Шрифт:
Интервал:
Закладка:
— Бабушка, а почему тени мёртвых не нашли этого… как его…
— Упокоения? Да потому, дитятко, что это всё погибшие от Грязной волны. Они все померли неправильной смертью, не избыв положенной доли, вот и осуждены Пресветлым Маэлем теперь отбывать её там, на службе у седого ведьмака.
— А почему ж он седой? Ветхий, что ли?
— А кто ж его знает, детушки… Может, ветхий, может, и нет. Он каким хочет, таким людям и покажется. А что волосом бел — так это он от своих колдовских зароков. В юности-то, говорят, был как все добрые люди. А потом заключил с Ящером зарок — и вмиг побелел. Даже глаза стали страшные, белозорые. Наделил его Ящер властью принимать любое обличье, хоть человечье, хоть звериное, дышать живым огнём, видеть воду под землёй и забирать в плен волю простых людей. А взамен потребовал, чтоб после смерти ведьмакова душа попала к самому Ящеру в вечное услужение. Только Древний Ящер-то простоват, а ведьмак — куда как хитёр. Не собирается он помирать, уж кругов сто на свете живёт, а то и поболе…
— Ой… А как же это у него получается?
— А он, милая, заживает чужой век. Приходит в лес и бродит по хуторам, просится к добрым людям на постой. Чуть кто его в избу пустит да к столу посадит, враз сам состарится на круг или там на два, ведьмак же те круги с себя мигом скинет. Так погуляет седьмицу, другую, глядишь, и вернётся к себе домой молодым.
— А не пущать?
— Так нельзя ж. Проклянёт. Посыплет чтой-то, пошепчет — и всё, нагрянут на хутор ракшасы, не оставят бревна на бревне.
— А почему его ракшасы слушаются?
— Старики шепчутся, будто он им родня. И говорит по-ихнему.
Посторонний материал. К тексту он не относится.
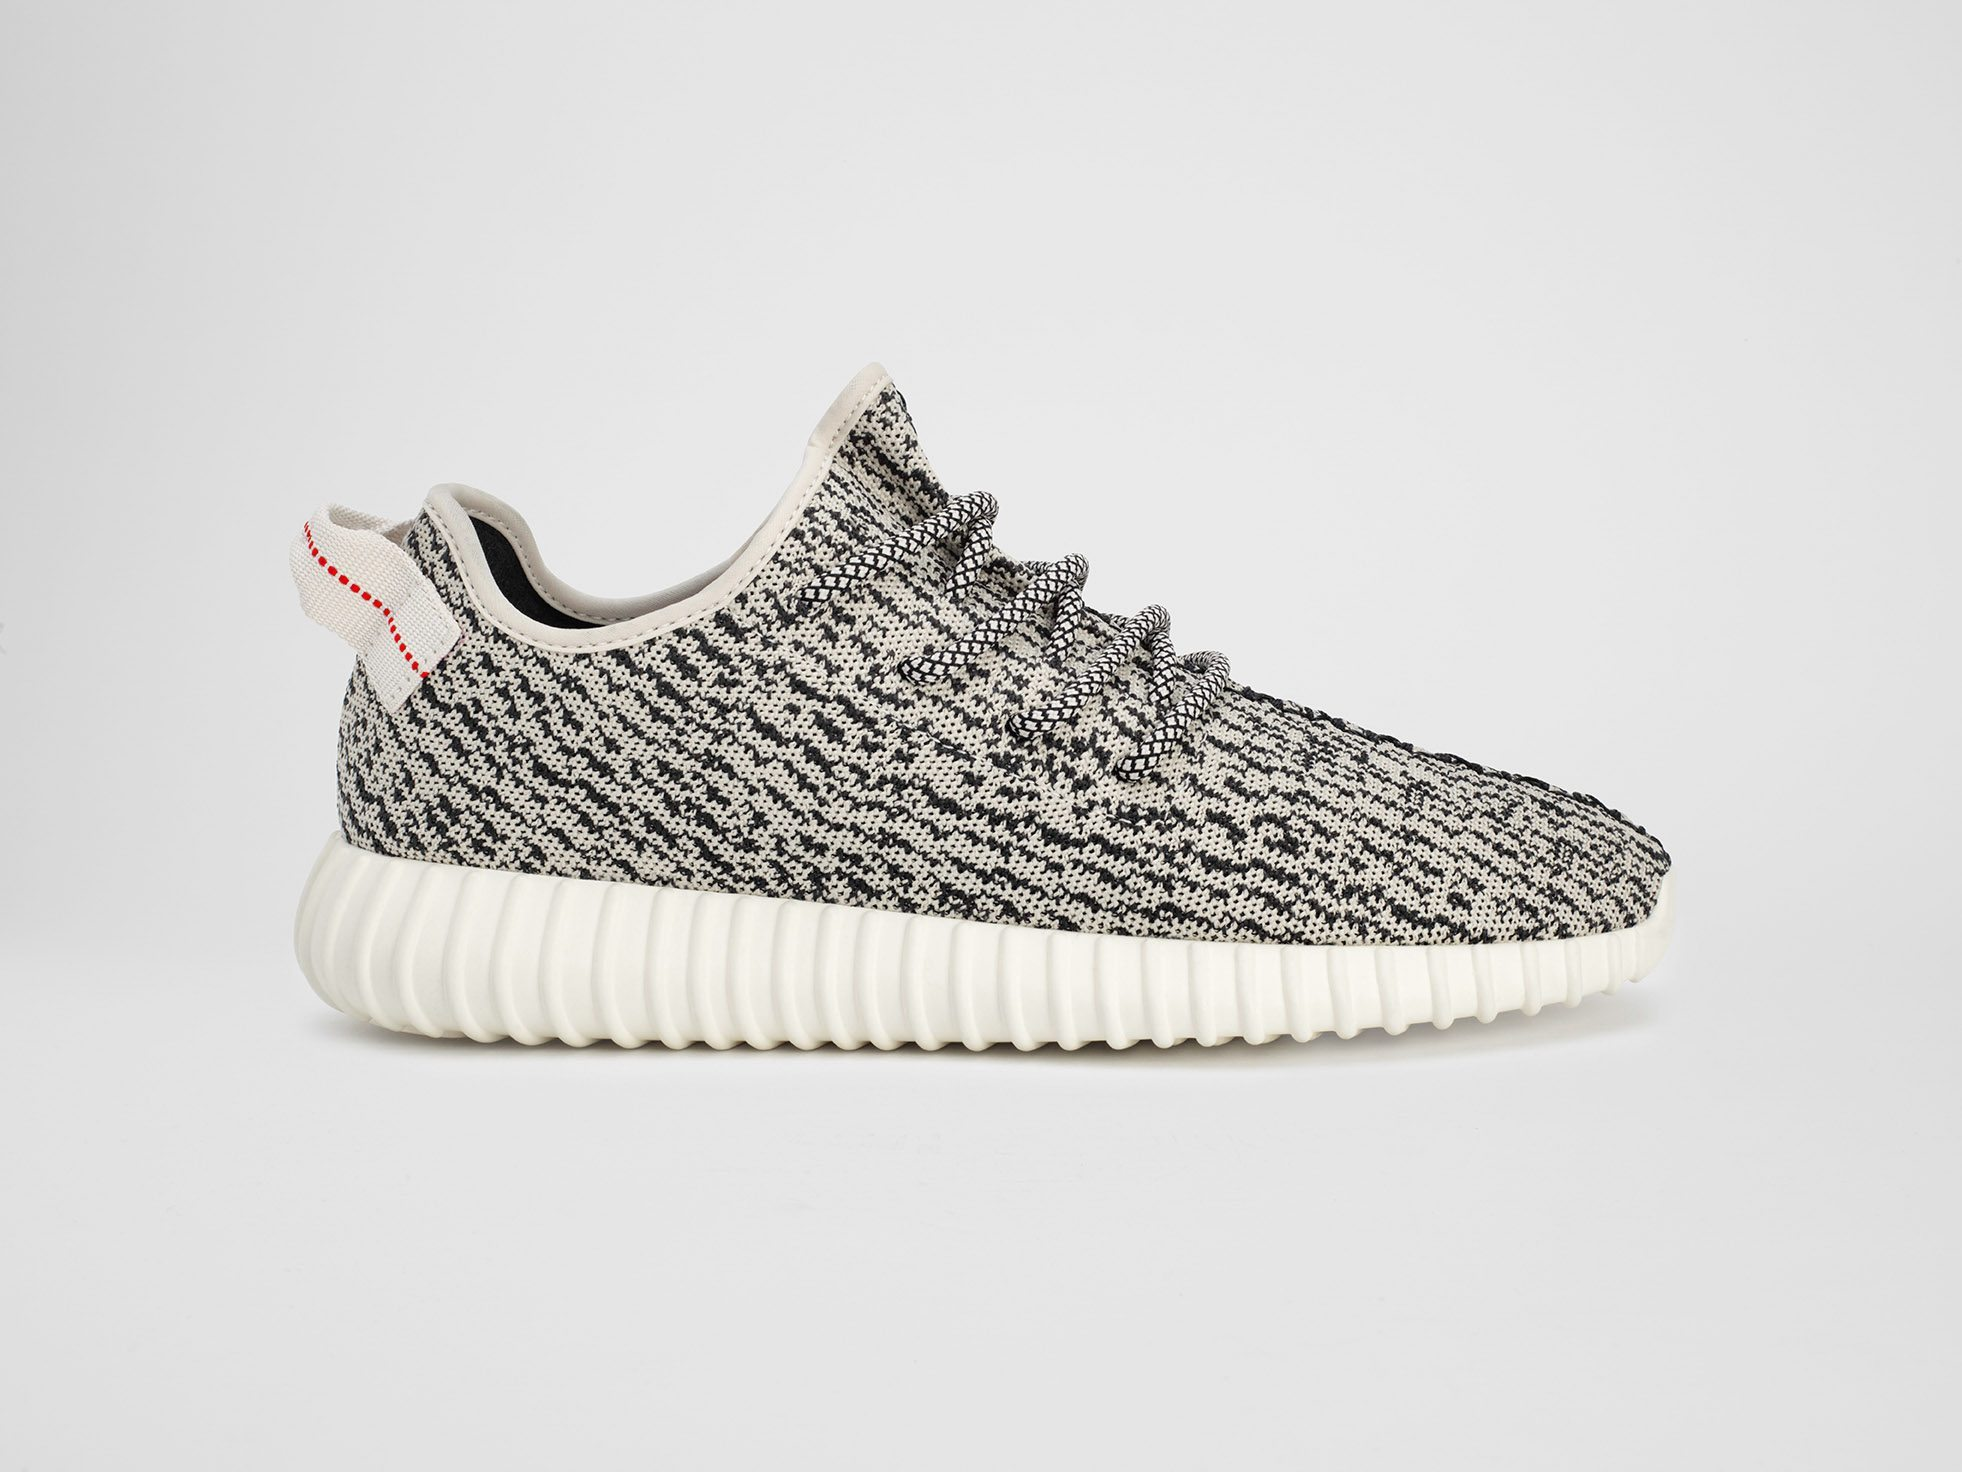 Kanye West x adidas Originals Yeezy Boost 350 1

Настоящий человек их речь разуметь не может, чтобы не изракшаситься.
Из дальнего уголочка, где сидели парни постарше, раздались сдержанные смешки. Бабушка подняла на них глаза и строго постучала пальцем по лавке:
— Смотрите мне, охальники! Думаете не слышу, как вы бранитесь нелюдскими словесами? Вот попомните, когда вырастут острые уши да клыки! В лес женихаться пойдёте!
— А что? — дерзко заметил тёмно-рыжий парень, выделявшися среди прочих крепкой, сухой статью и тонкими чертами лица, — Ракшицы, говорят, прехорошенькие попадаются, и не ломаки притом…
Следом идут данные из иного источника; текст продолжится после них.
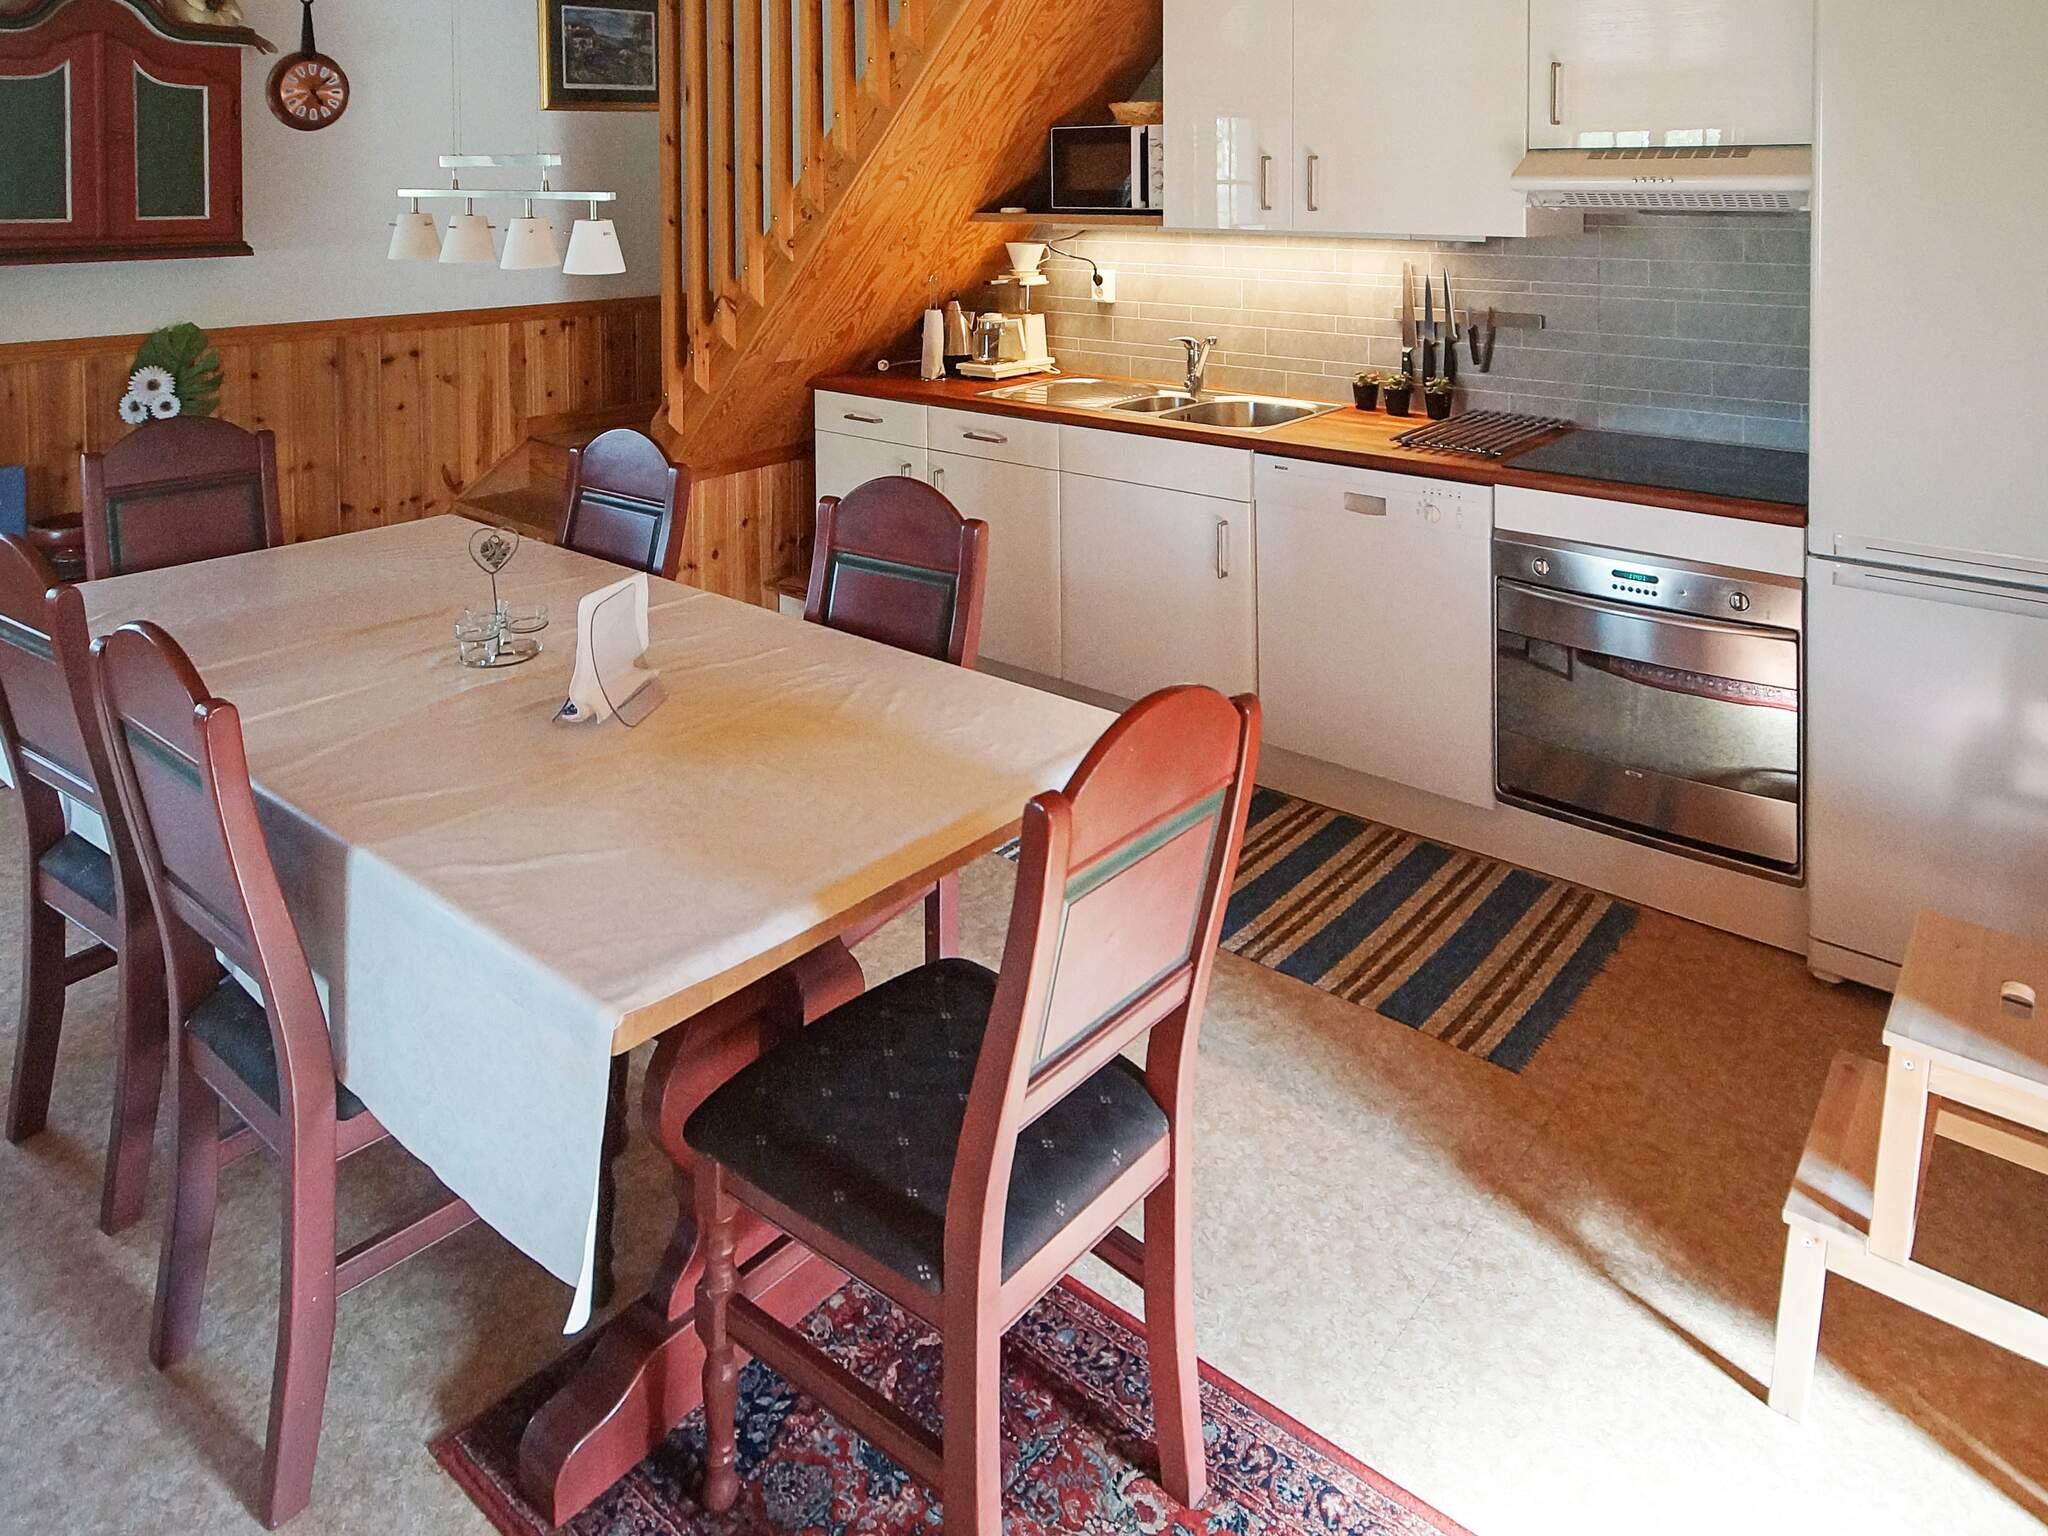 Ferienhaus Kyrknäs (135519), Torsby, Värmlands län, Mittelschweden, Schweden, Bild 3

Бабушка только махнула на него рукой:
— Ты, Луч, не молоти языком чего не знаешь. Ракшица как прикинется красной девкой да на вечёрку придёт — никто и не поймёт, кто такова. Заморочит головы парням так, что те всех подруженек позабудут, только на неё и станут смотреть. А кто пойдёт её провожать — сгинет, и больше уж домой не воротится. Выпьет ракшица его жизнь, а сама уйдёт в лес. Узнать же её среди настоящих девчат можно только по одной примете: она пряжу против хода Ока вьёт.
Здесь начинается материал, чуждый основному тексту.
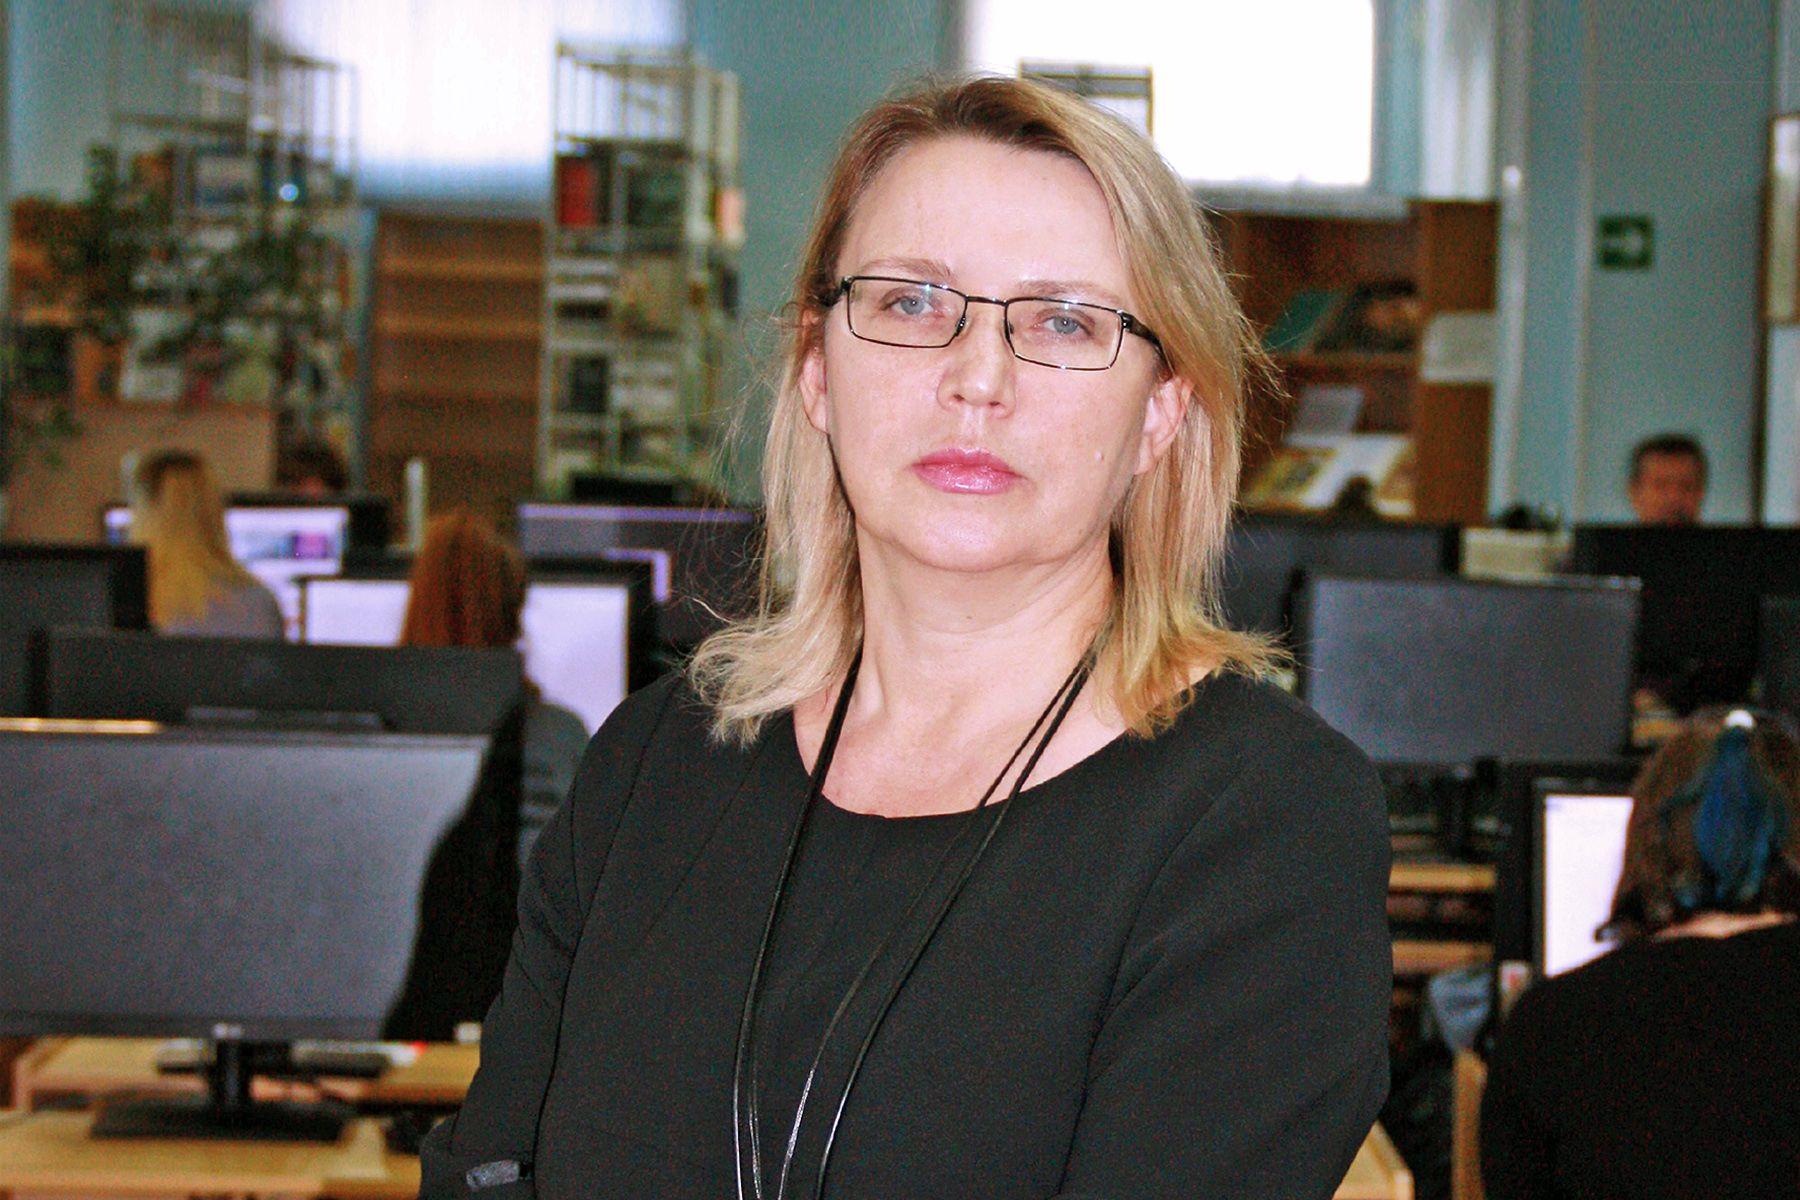 Директор Института права ВГУЭС Светлана Литвинова: Юрист – это образ жизни

Симпатичная девчонка, сидевшая в углу у окошка, тут же залилась смуглым румянцем и поспешила прикрыть запоном руку с веретеном. Другая, крупная и бойкая, весело ответила:
— Да я ж всегда так вью! Эй, Ярик, ты там ещё жив али нет? Не забоишься теперь меня до Замошья провожать?
Вокруг засмеялись, радуясь поводу вспугнуть весельем липкий страх.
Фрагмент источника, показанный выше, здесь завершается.